Would you print the lines below exactly, beginning at the line that has "Juazeiro: Pré-candidato Isaac" and stopping after the line that has "20 Fast Growing Indoor Plants -Natal Ivy"? Only those lines, and no pictures.

**RECORDS FOR THE EXERCISE**:
*** Block opens ***
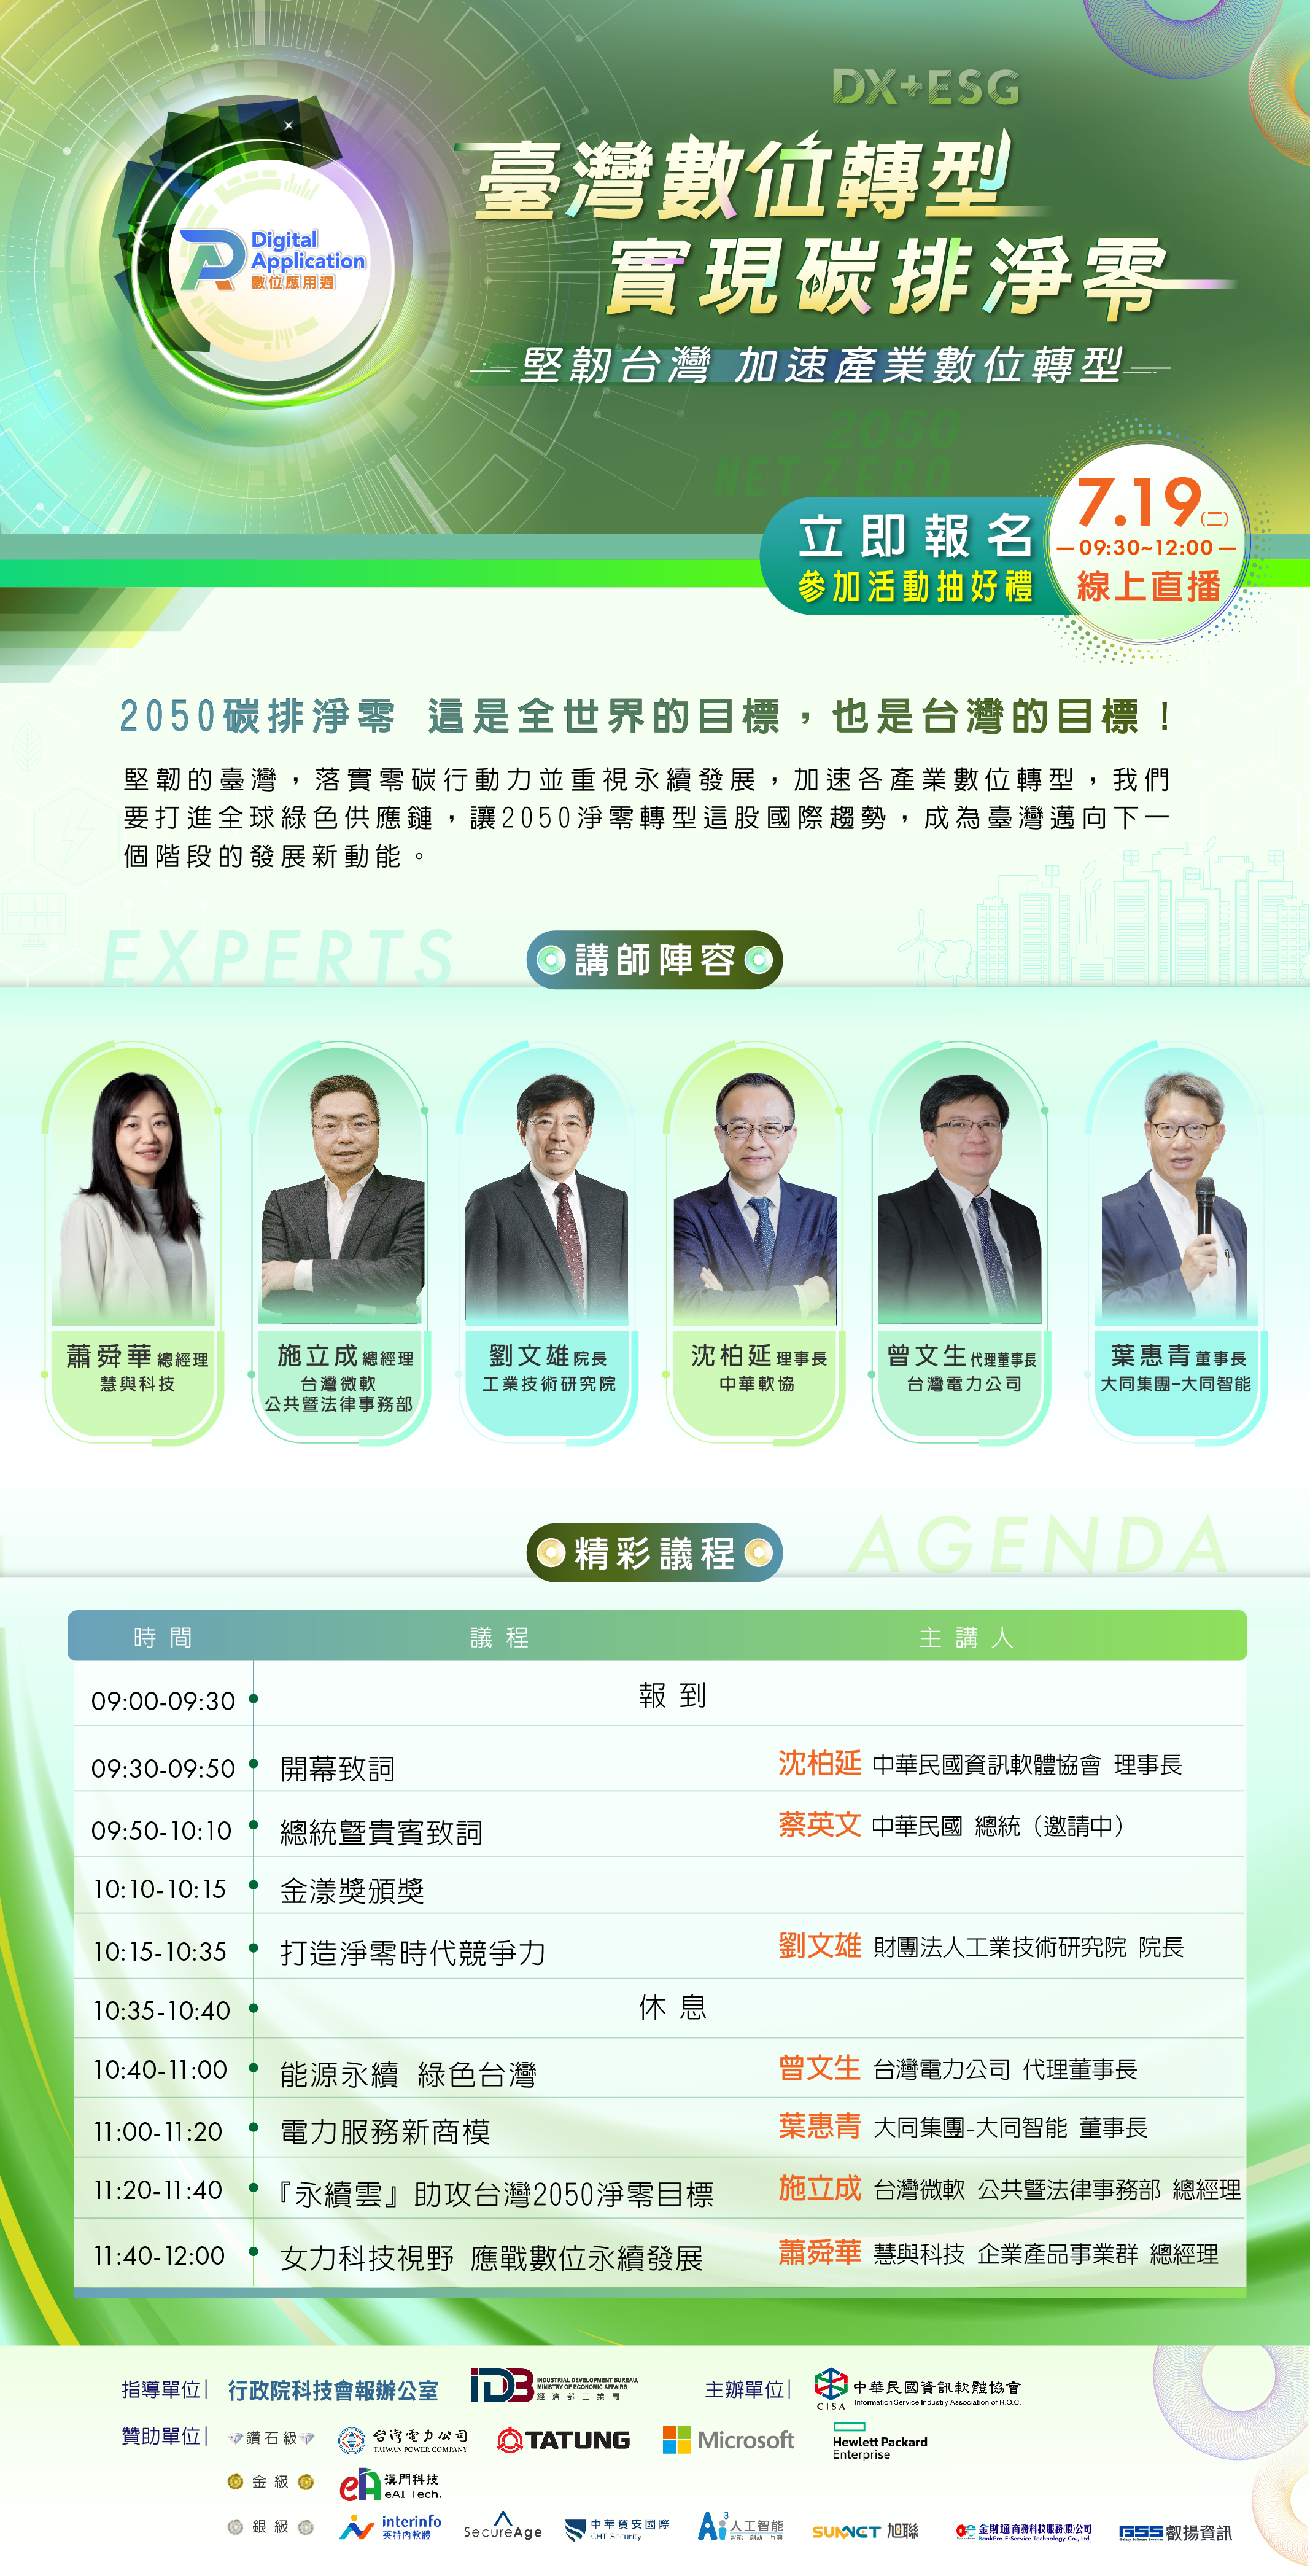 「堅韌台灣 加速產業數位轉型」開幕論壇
*** Block closes ***
*** Block opens ***
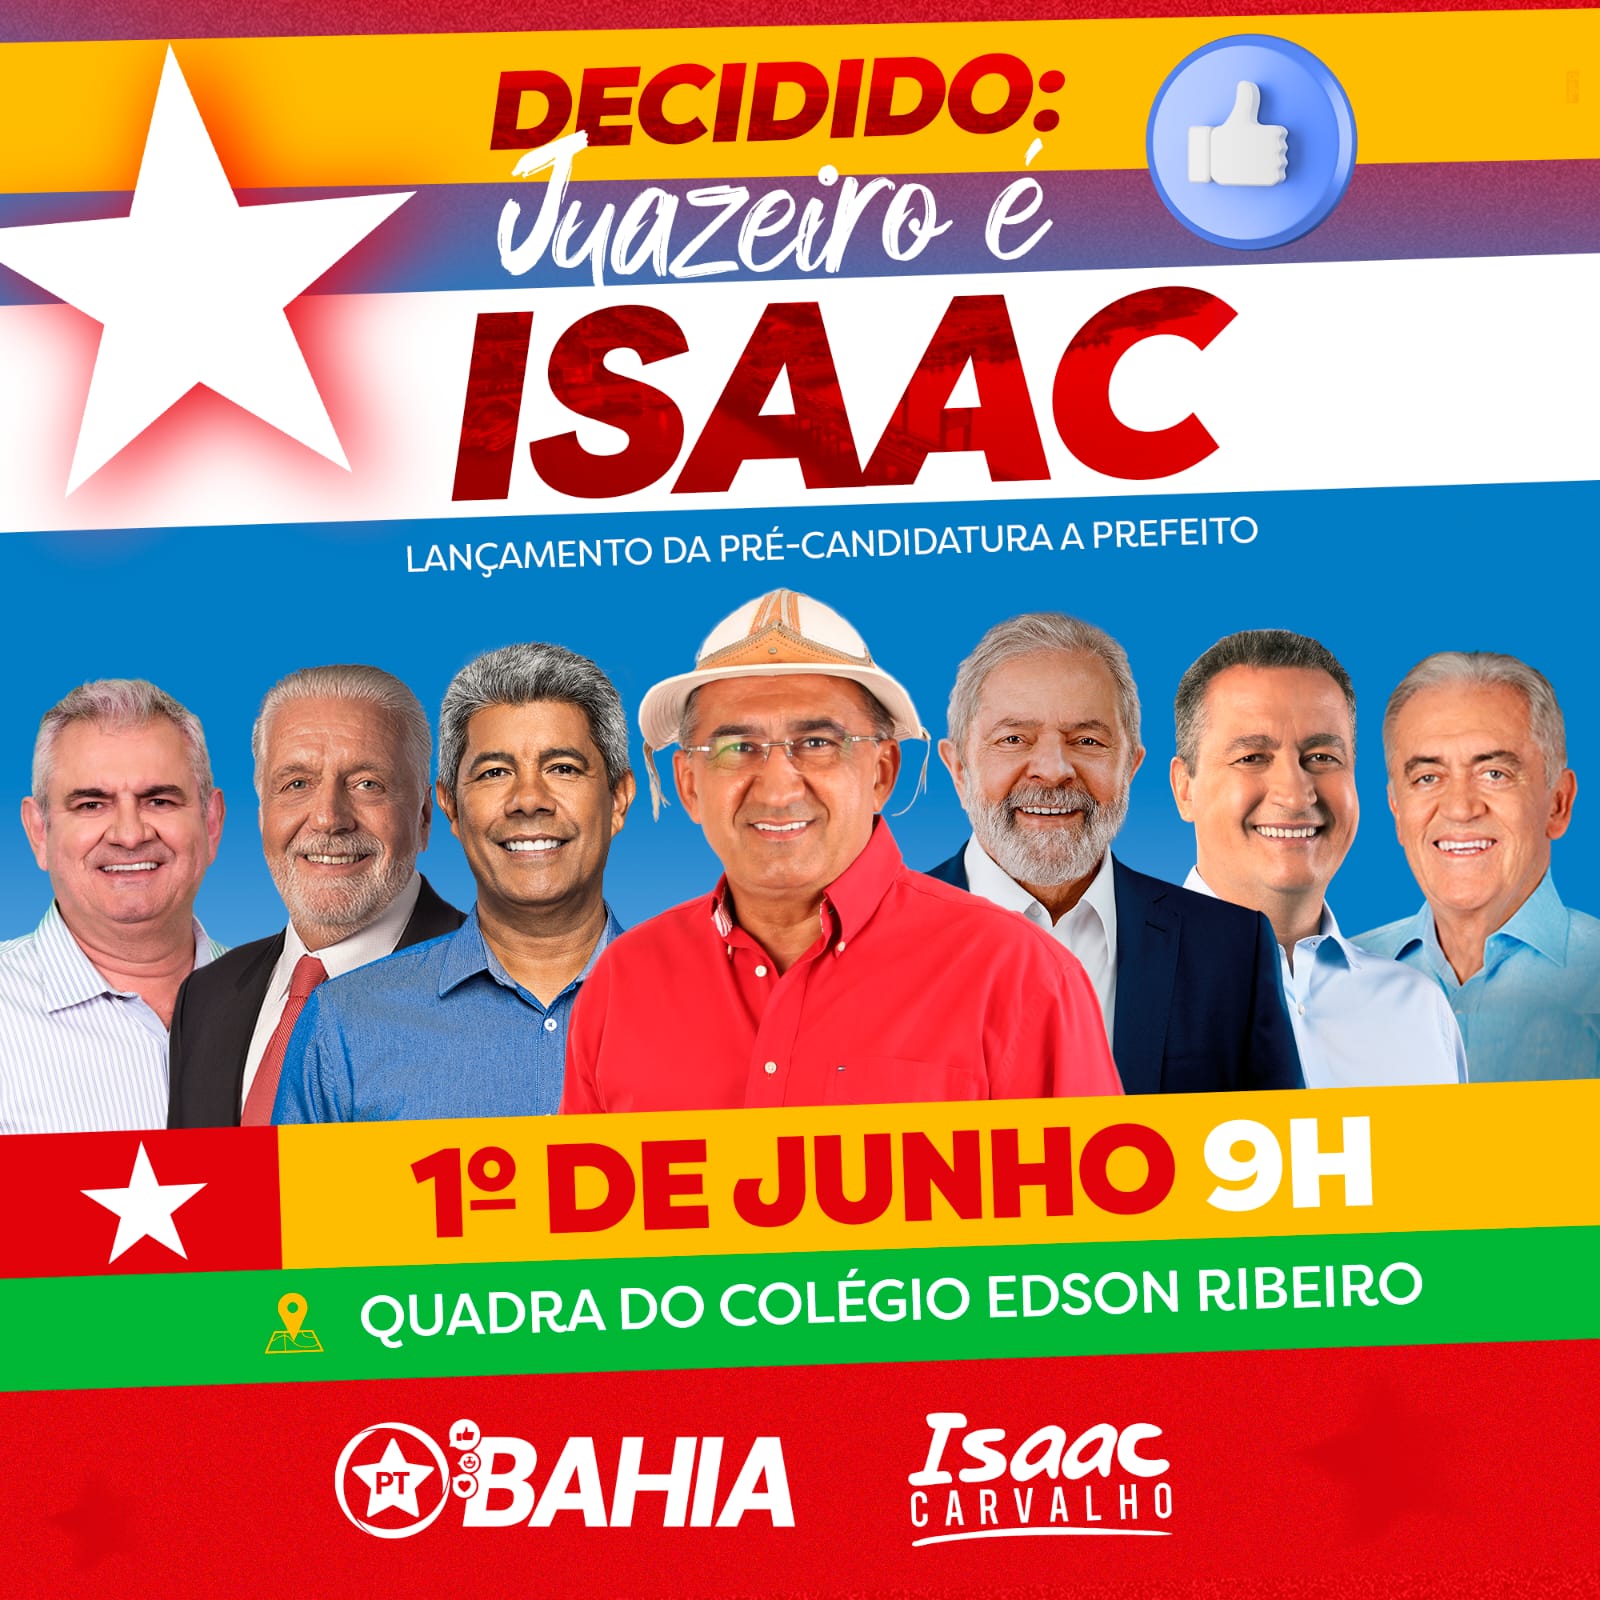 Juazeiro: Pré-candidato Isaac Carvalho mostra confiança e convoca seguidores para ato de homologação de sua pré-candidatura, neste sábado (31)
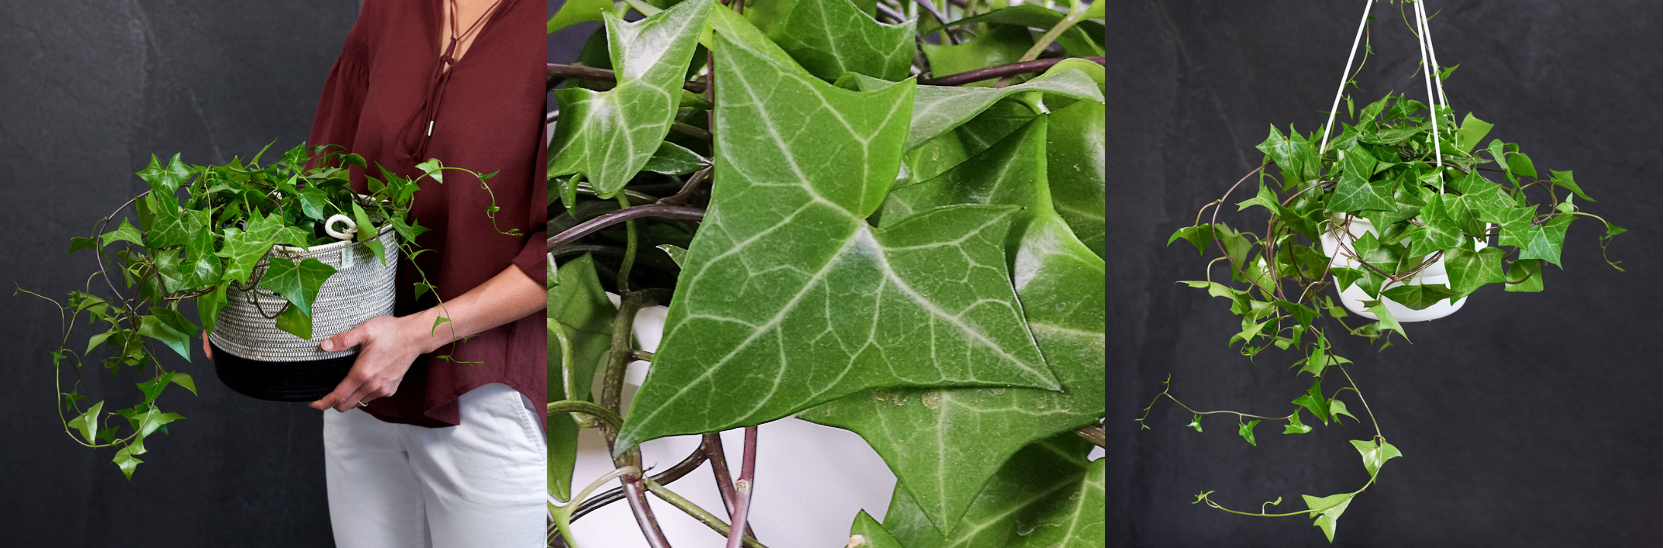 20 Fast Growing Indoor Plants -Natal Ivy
*** Block closes ***
**COMPLETED EXERCISE**:
 Juazeiro: Pré-candidato Isaac Carvalho mostra confiança e convoca seguidores para ato de homologação de sua pré-candidatura, neste sábado (31)
 20 Fast Growing Indoor Plants -Natal Ivy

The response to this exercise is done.